__Information shown__:
§

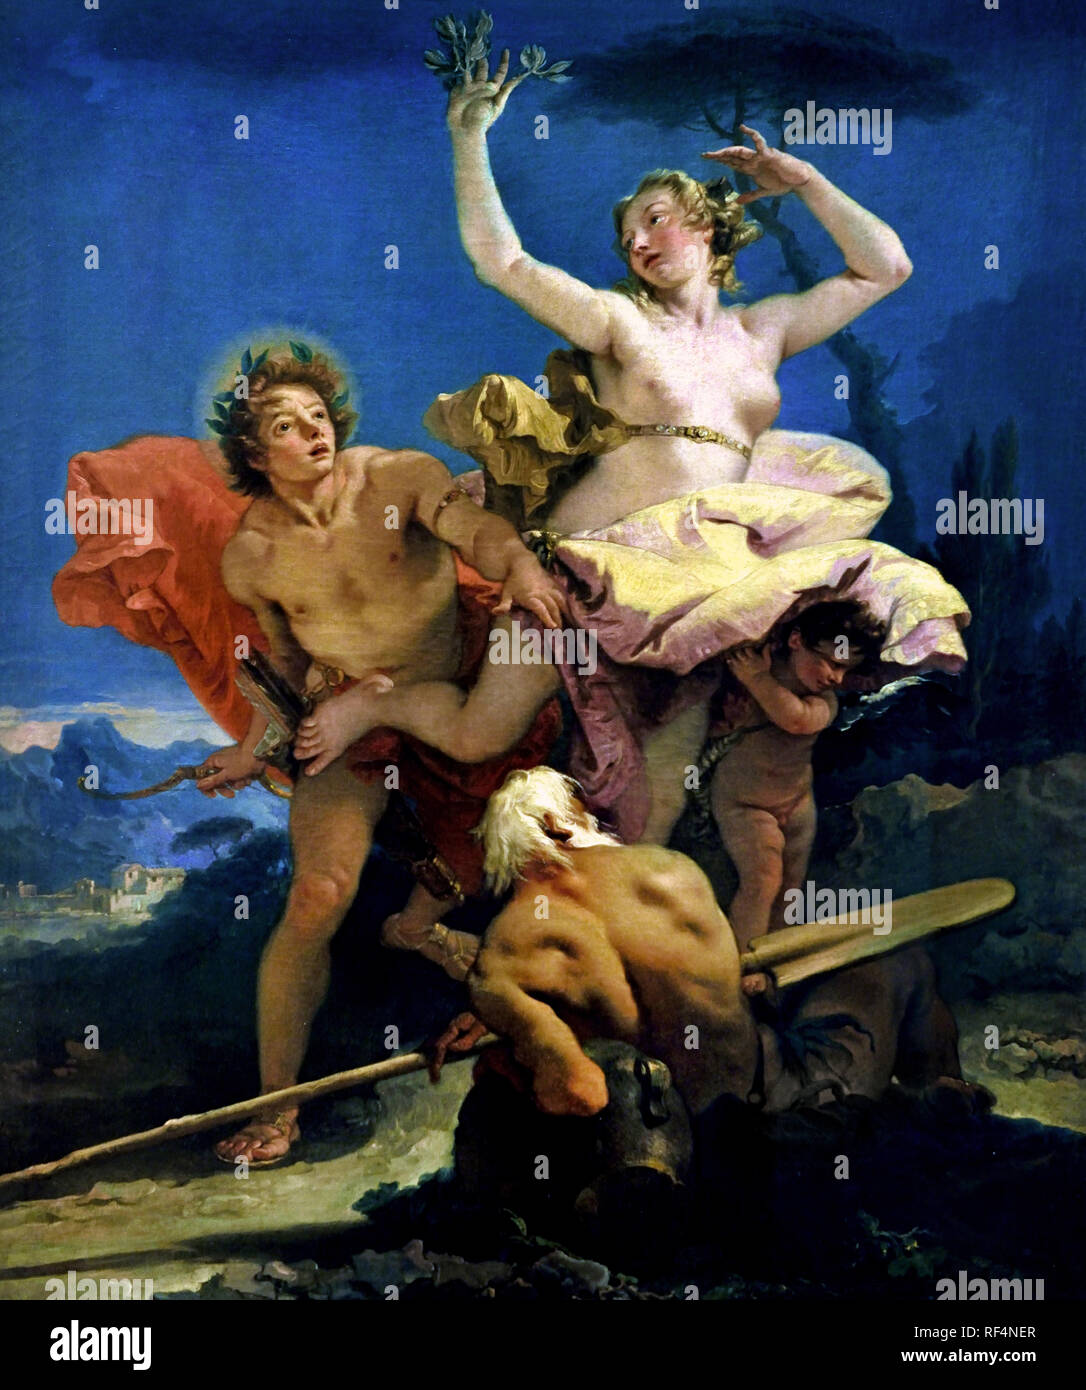 Apollo and Daphne 1743 - 1744 Giovanni Battista TIEPOLO 1696 - 1770  Italy, Italian, (Dramatic of Ovid's Metamorphoses Apollo's Ride and Daphne's Transformation) - Stock Image
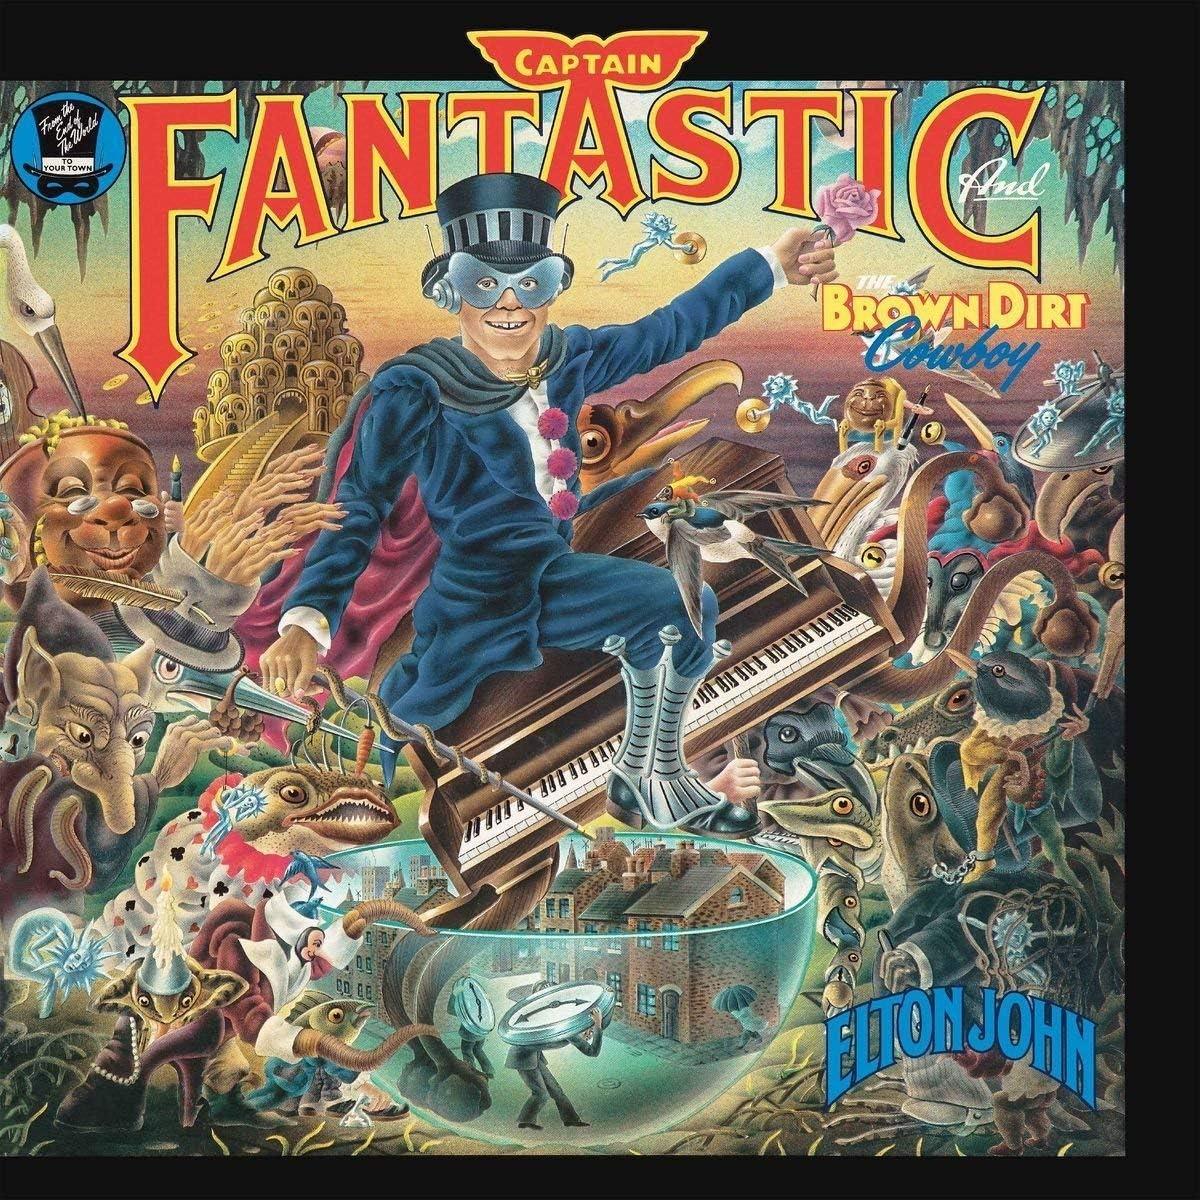 Captain Fantastic and The Brown Dirt Cowboy: Amazon.com.mx: Música
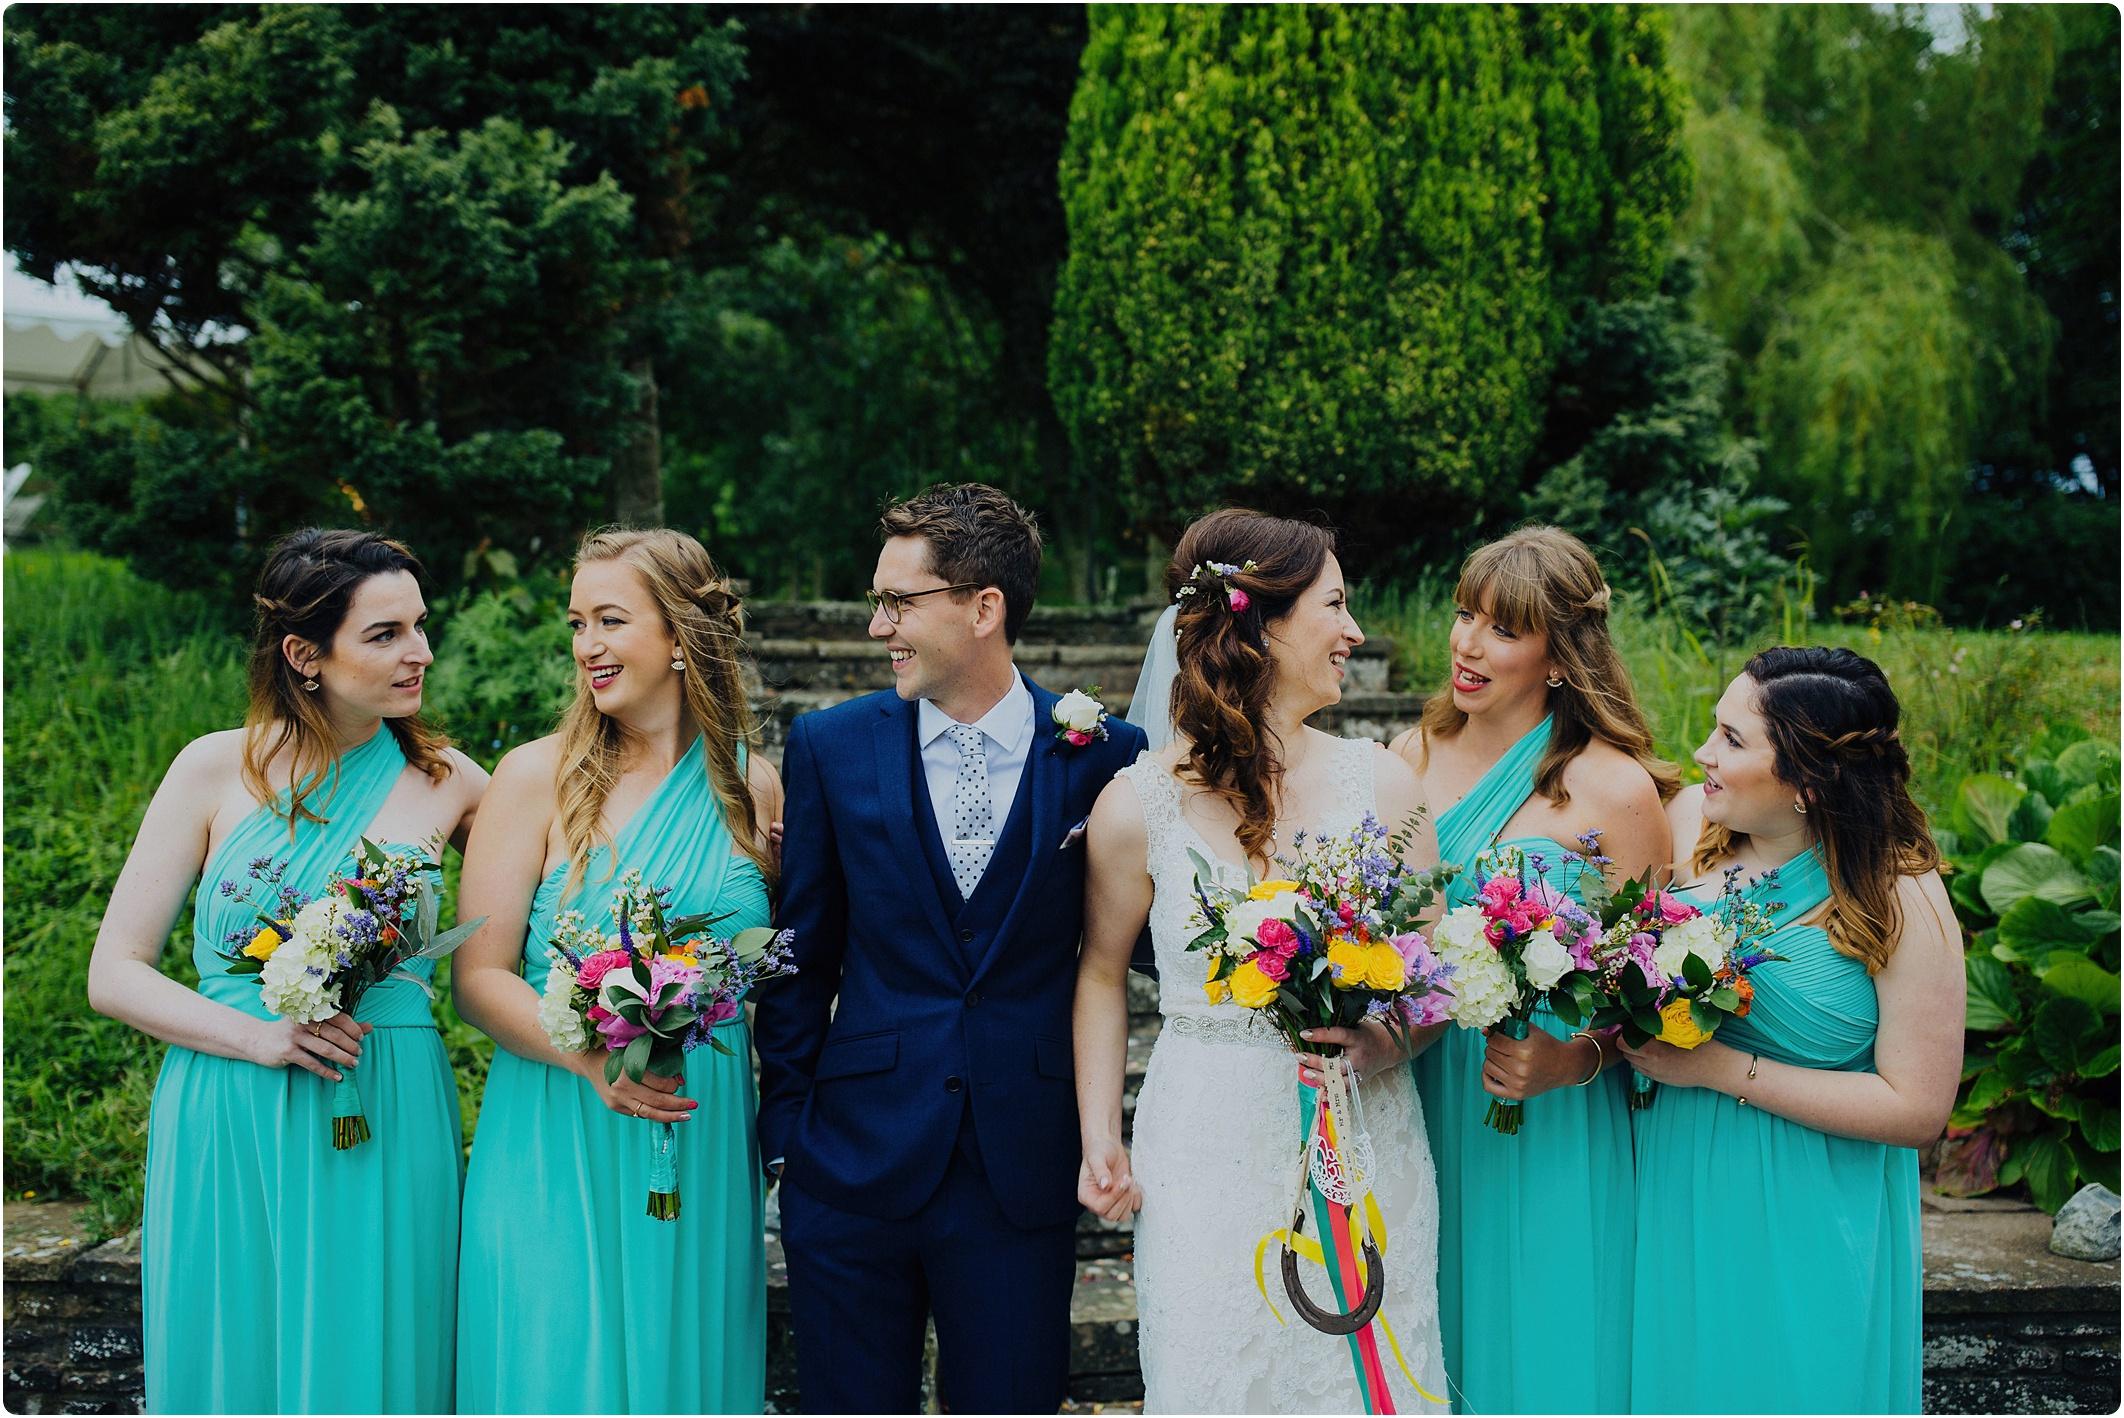 Treadam Barn Wedding groom with bridesmaids

§

__Task prompt__: Write the lines from the one containing "Captain Fantastic and" through the end of the data above exactly as they appear, and do not carry over any picture.

__Response to the task__:
 Captain Fantastic and The Brown Dirt Cowboy: Amazon.com.mx: Música
 Treadam Barn Wedding groom with bridesmaids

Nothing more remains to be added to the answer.